Appeal Court finds Local Government Jointly Negligent in Pothole Crash Injury Claim

The Appeal Court has found Devon Council jointly negligent in a pothole crash injury claim following a car accident on the C-25 which left one passenger brain damaged and a second tetraplegic.

The accident, which happened in November 2006, occurred when a Land Rover driver – identified as “TR” – overtook a slow moving car travelling on the rural road between Honiton and Smeatharpe. As he was doing so, “TR”´s offside wheels dropped into an 8cm pothole alongside the edge of the road. “TR” attempted to steer his vehicle out of the defect in the road but lost control of the Land Rover and swerved across the road and crashed into trees. A Later investigation found that the Land Rover had been travelling at 45mph – well within the speed limit for the road.

“TR”´s two passengers both sustained catastrophic injuries – one suffering permanent brain damage and multiple skeletal injuries, while the second passenger was rendered tetraplegic and suffered traumatic amputation of an arm. Each passenger received compensation for their pothole crash injuries from “TR”´s insurance company, but the “TR” subsequently made a pothole crash injury claim against Devon Council – claiming that he would not have had the accident were it not for the poor condition of the road.

At the High Court in April 2012, Mrs Justice Slade found that Devon Council was 100 percent liable for the accident on the grounds that the safety inspection regime on the stretch of road had been inadequate and its state of repair was “well below a standard a reasonable driver could expect”.

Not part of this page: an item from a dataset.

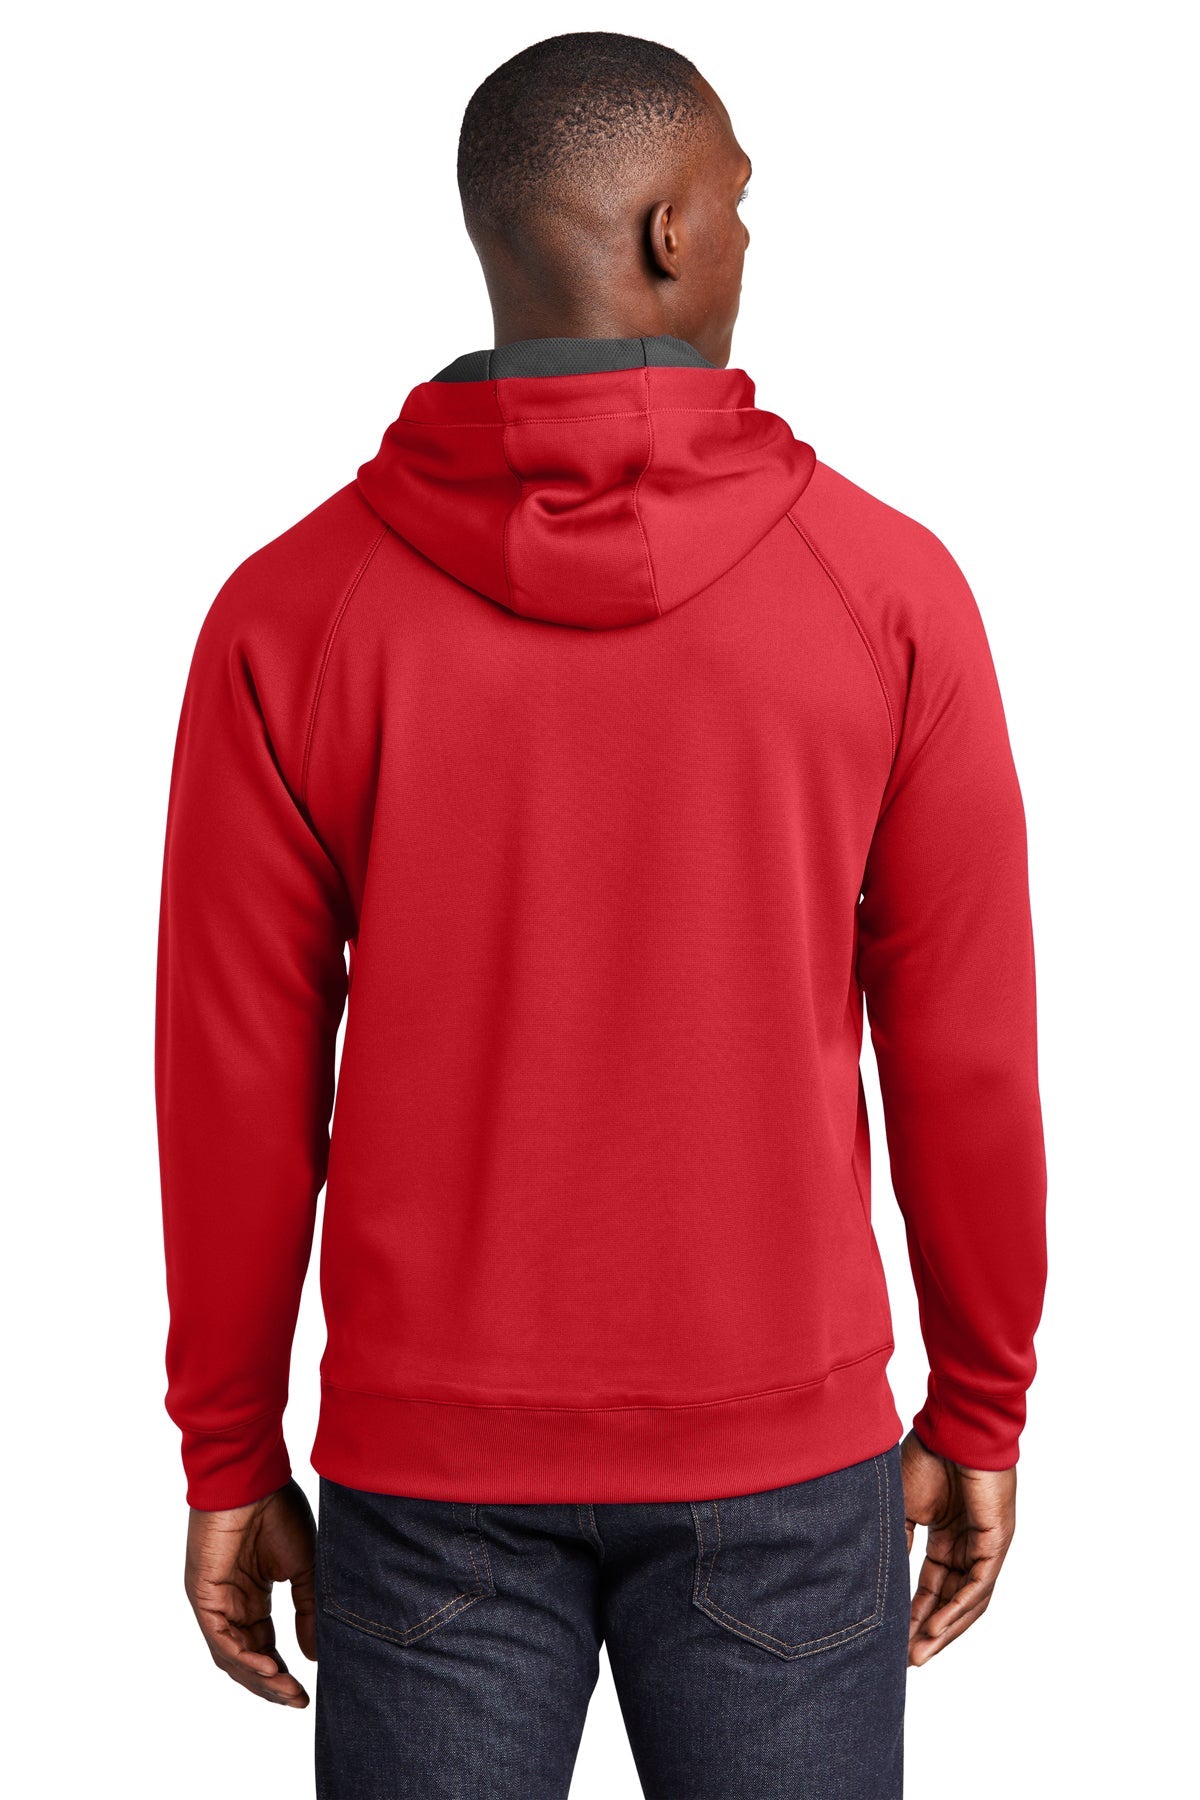 sport-tek_st250 _true red_company_logo_sweatshirts

The judge heard evidence that the road was only inspected twice a year contrary to the Code of Practice for Highway Maintenance Management (2005) to adequately inspect and maintain the winding and hilly road. The judge was also told that no risk assessment had been carried out prior to the six-monthly inspection program being adopted despite the council being aware that the road was used by agricultural vehicles and heavy goods lorries.

However, at the Appeal Court in London, Lord Justice Hughes – sitting with Lord Justice Lloyd and Sir Stanley Burnton – found that, although he could find no flaw in Mrs Justice Slade´s interpretation of the law, “TR” bore half the blame for the tragedy and 50 percent liability in the pothole crash injury claim. Lord Hughes said that the pothole in the road was “there to be seen” and there had been plenty of room to manoeuvre. He ruled that “TR”´s inadvertent error in not seeing and avoiding the 8cm pothole contributed to the accident.

He concluded: “Although the error may have been one which many might make, it amounted to a significant failure to keep a proper lookout and to manage the car correctly; it had terrible consequences. In my view, the only proper finding was that there was contributory negligence to the extent of 50 percent”.

Footnote: The two passengers have already settled their claims for pothole crash injury compensation. The passenger with the brain injury received a lump sum of £1.2 million, while the second victim was awarded a lump sum of compensation for pothole crash injuries amounting to £3 million plus annual payments of £275,000. The High Court case in April 2012 and Appeal Court case above were heard to determine liability in the pothole crash injury claim.